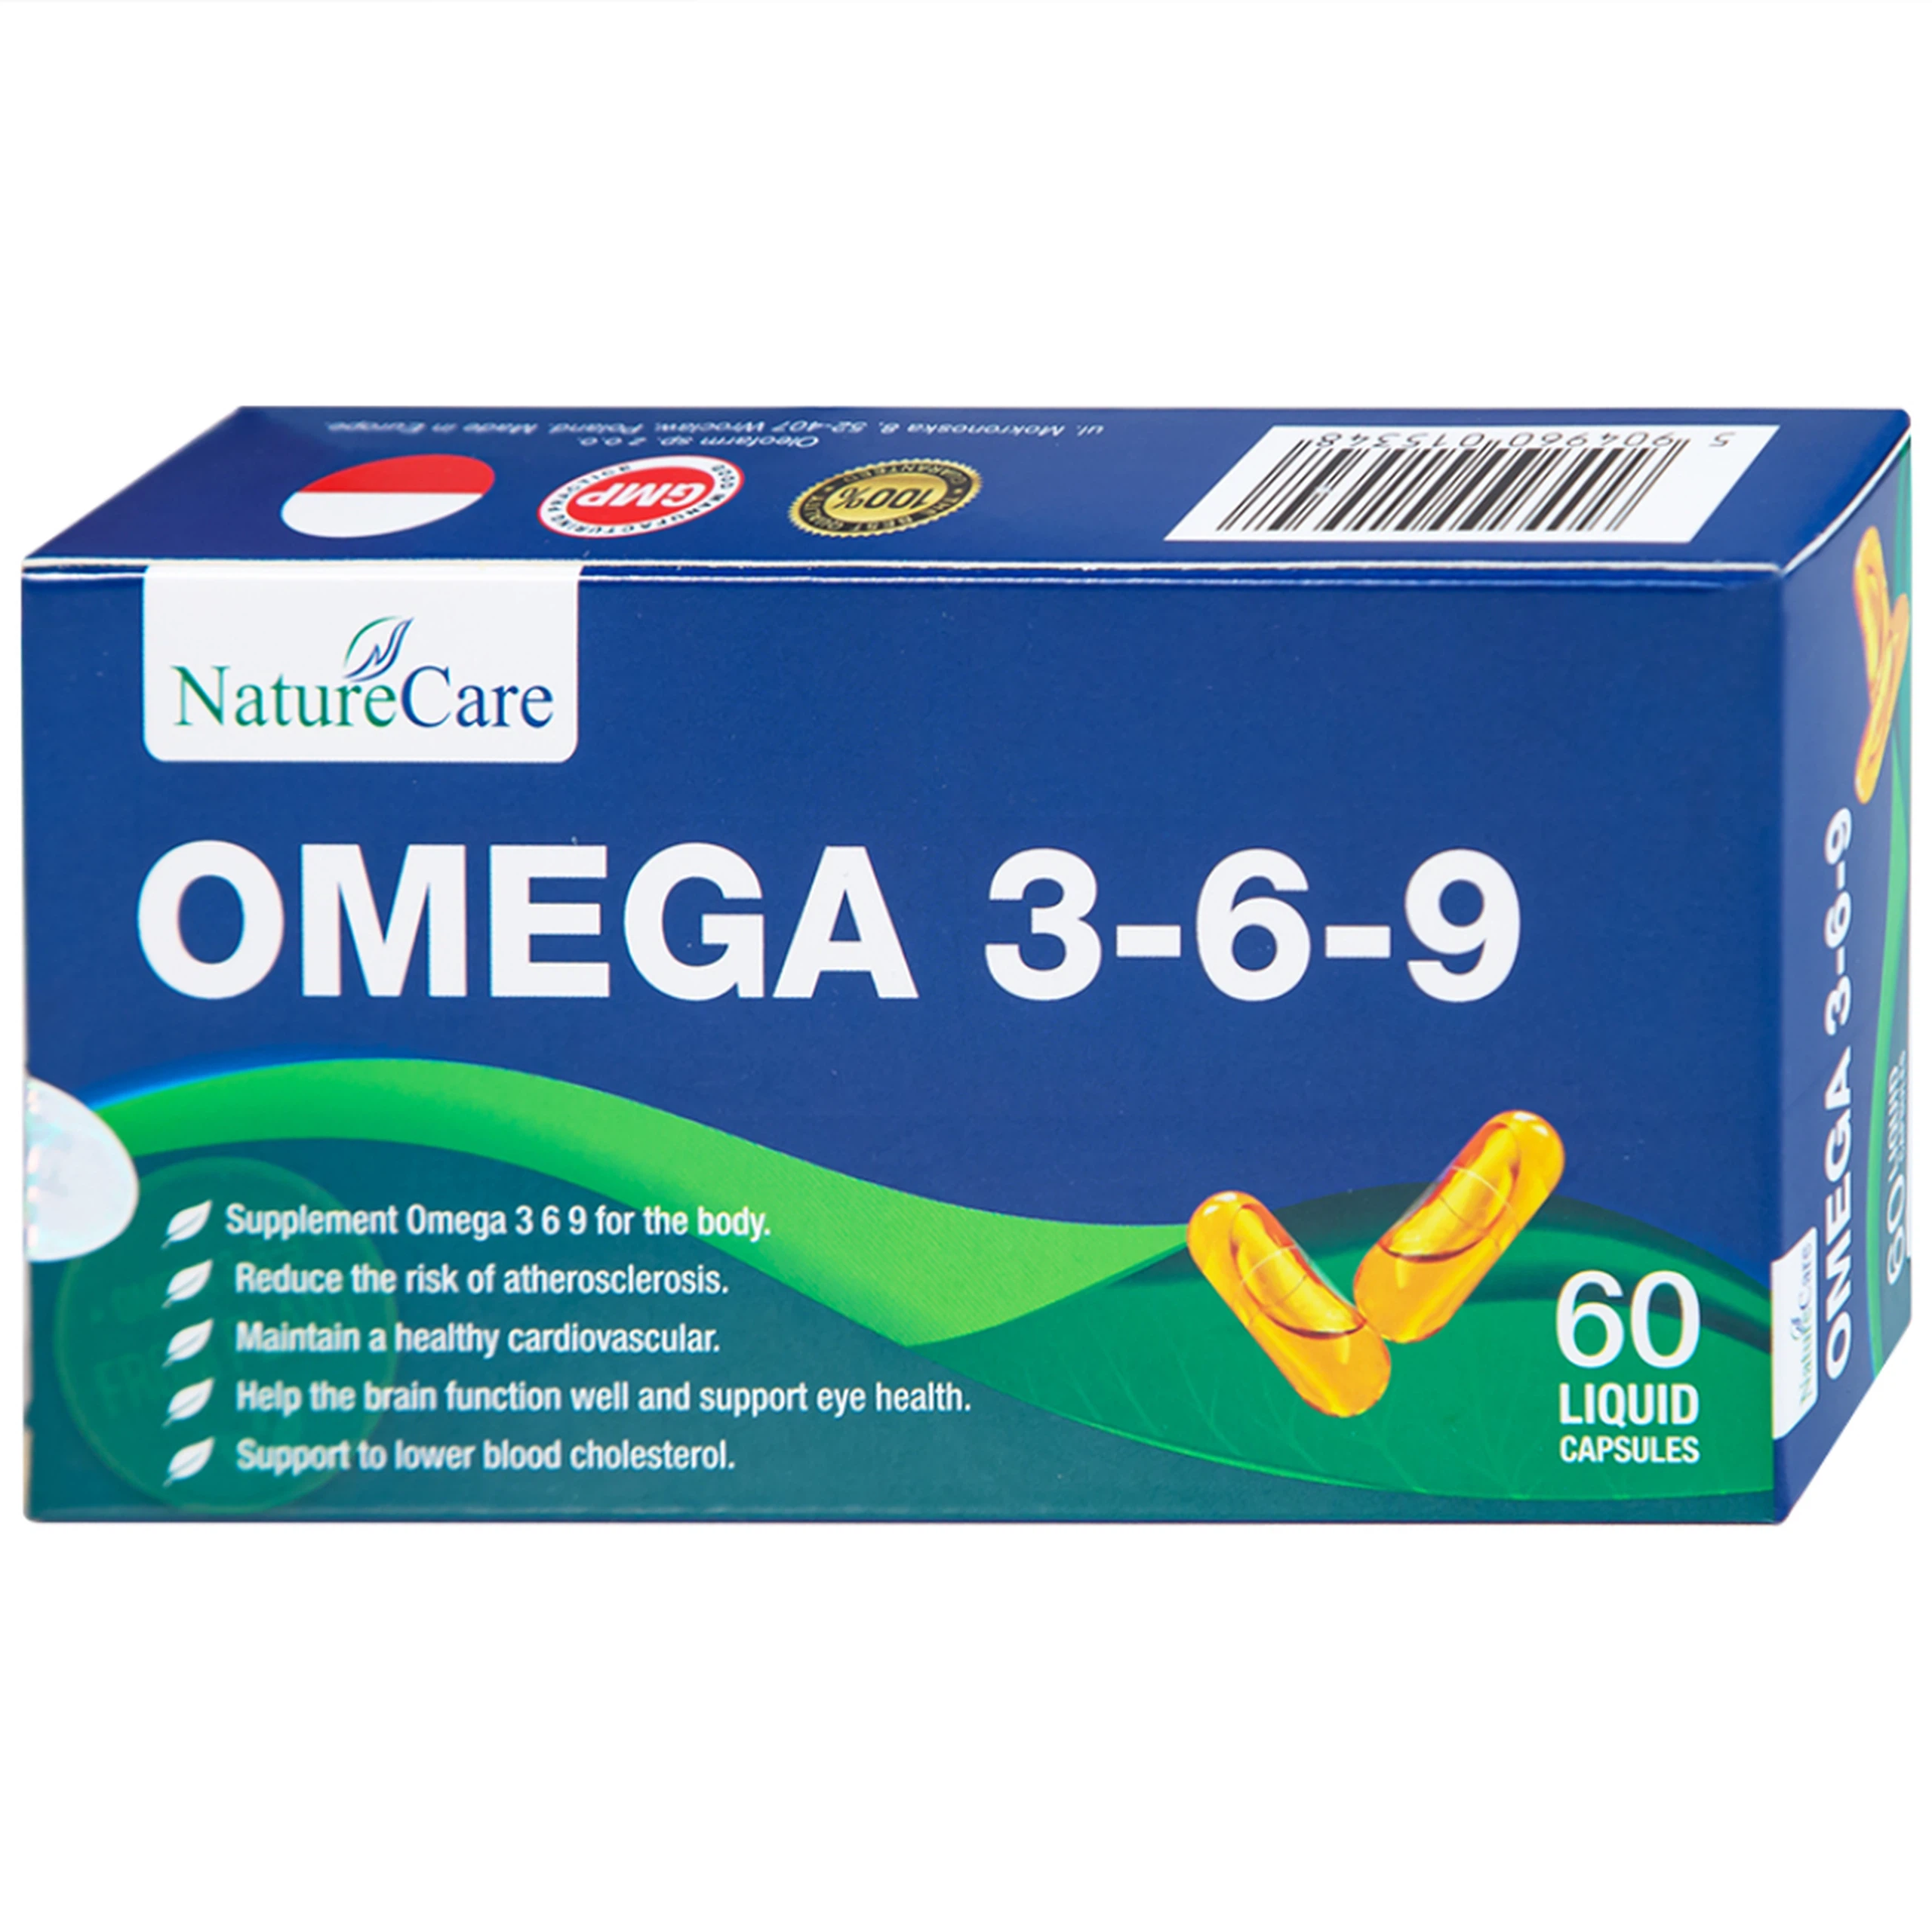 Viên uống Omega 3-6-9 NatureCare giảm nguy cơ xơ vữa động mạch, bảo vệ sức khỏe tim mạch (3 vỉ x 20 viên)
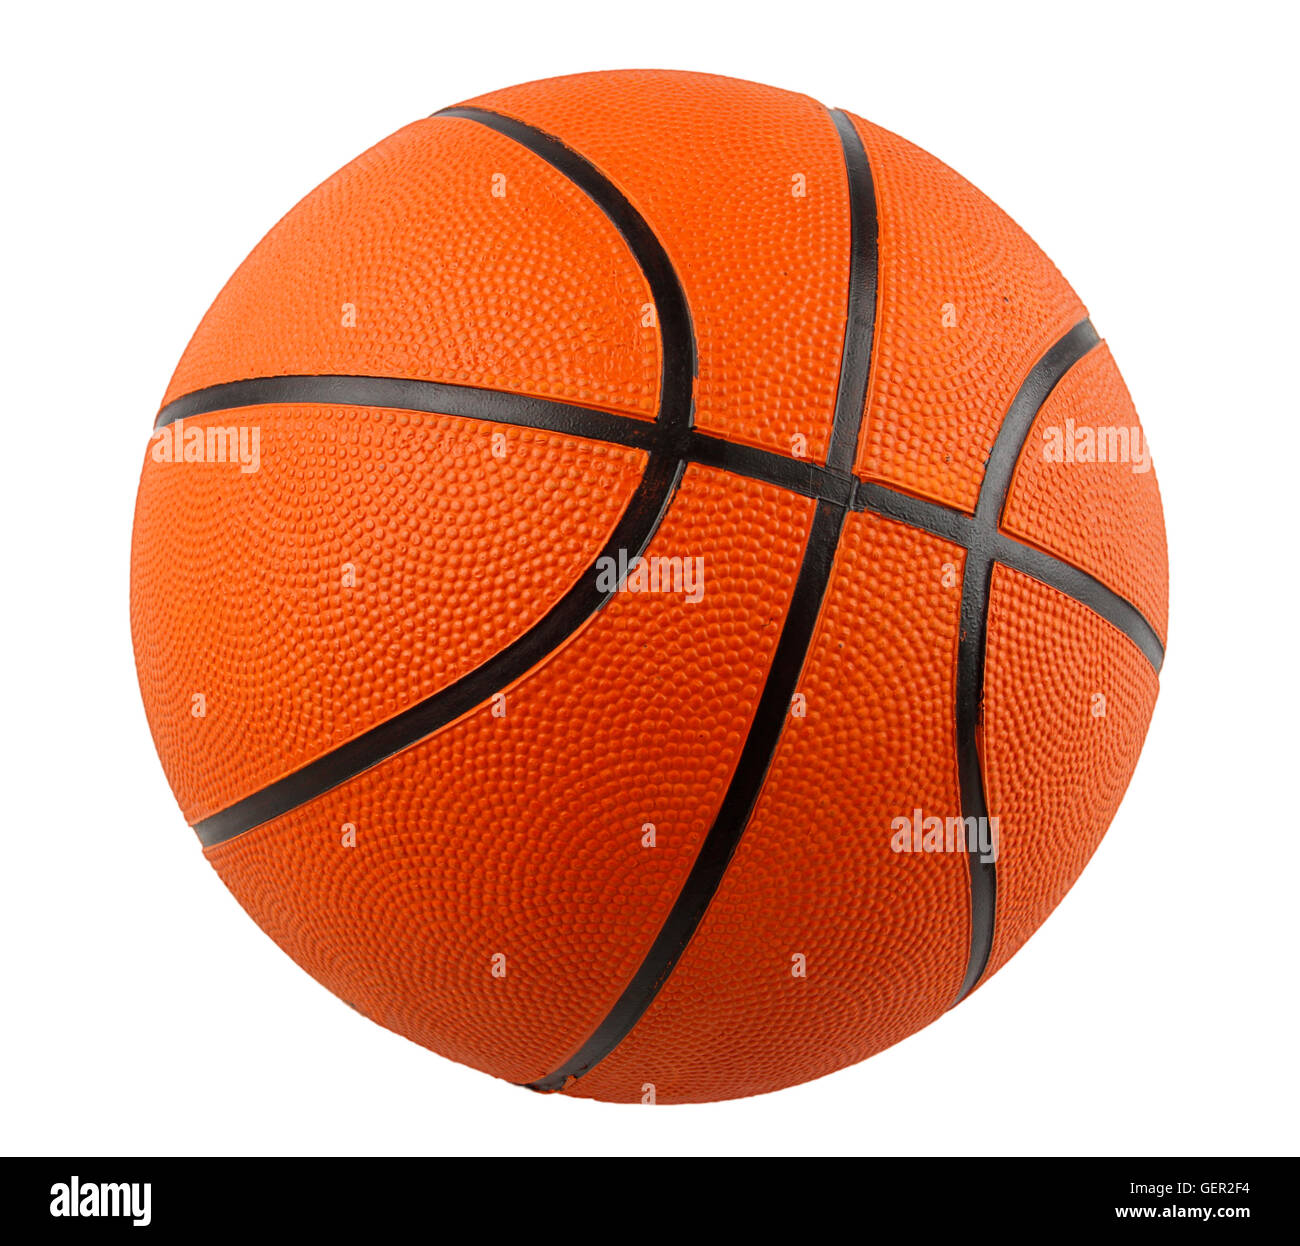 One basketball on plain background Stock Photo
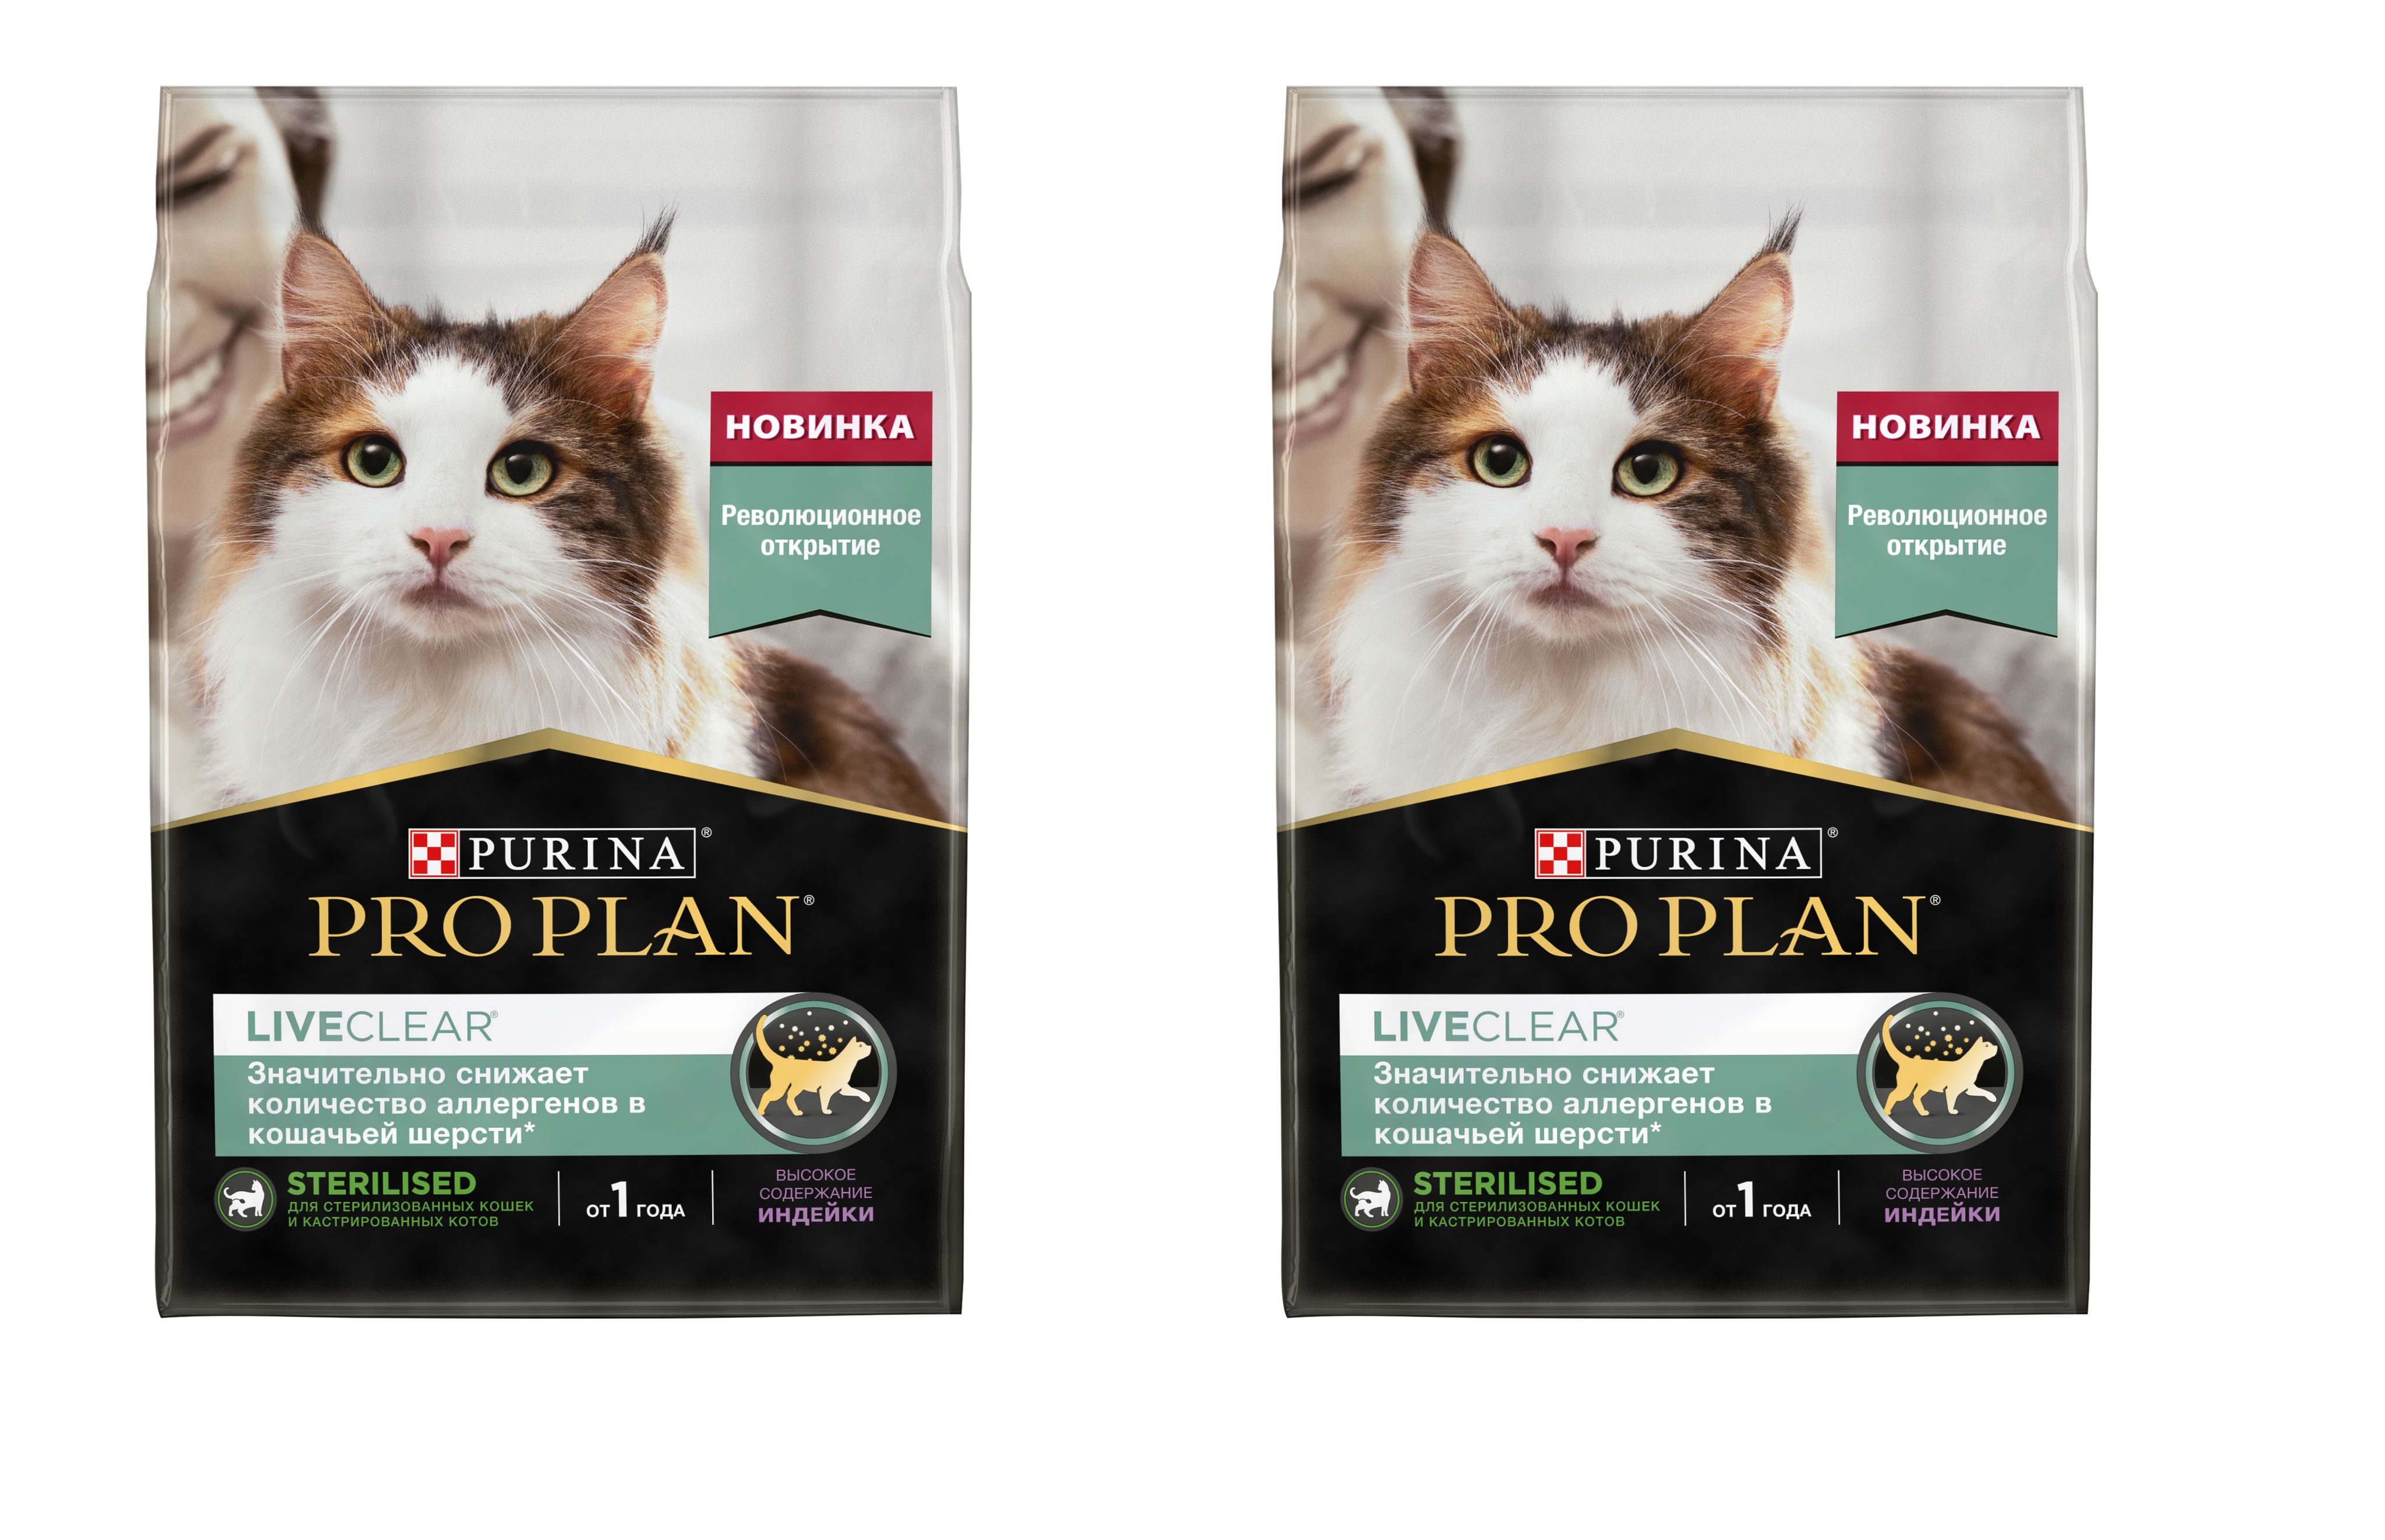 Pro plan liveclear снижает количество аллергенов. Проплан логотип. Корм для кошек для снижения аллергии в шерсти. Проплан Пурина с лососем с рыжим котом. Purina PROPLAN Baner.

» **Task brief**:
Write out the full listing verbatim, excluding its pictures.

» **Output below**:
 Viên uống Omega 3-6-9 NatureCare giảm nguy cơ xơ vữa động mạch, bảo vệ sức khỏe tim mạch (3 vỉ x 20 viên)
 One basketball on plain background Stock Photo
 Pro plan liveclear снижает количество аллергенов. Проплан логотип. Корм для кошек для снижения аллергии в шерсти. Проплан Пурина с лососем с рыжим котом. Purina PROPLAN Baner.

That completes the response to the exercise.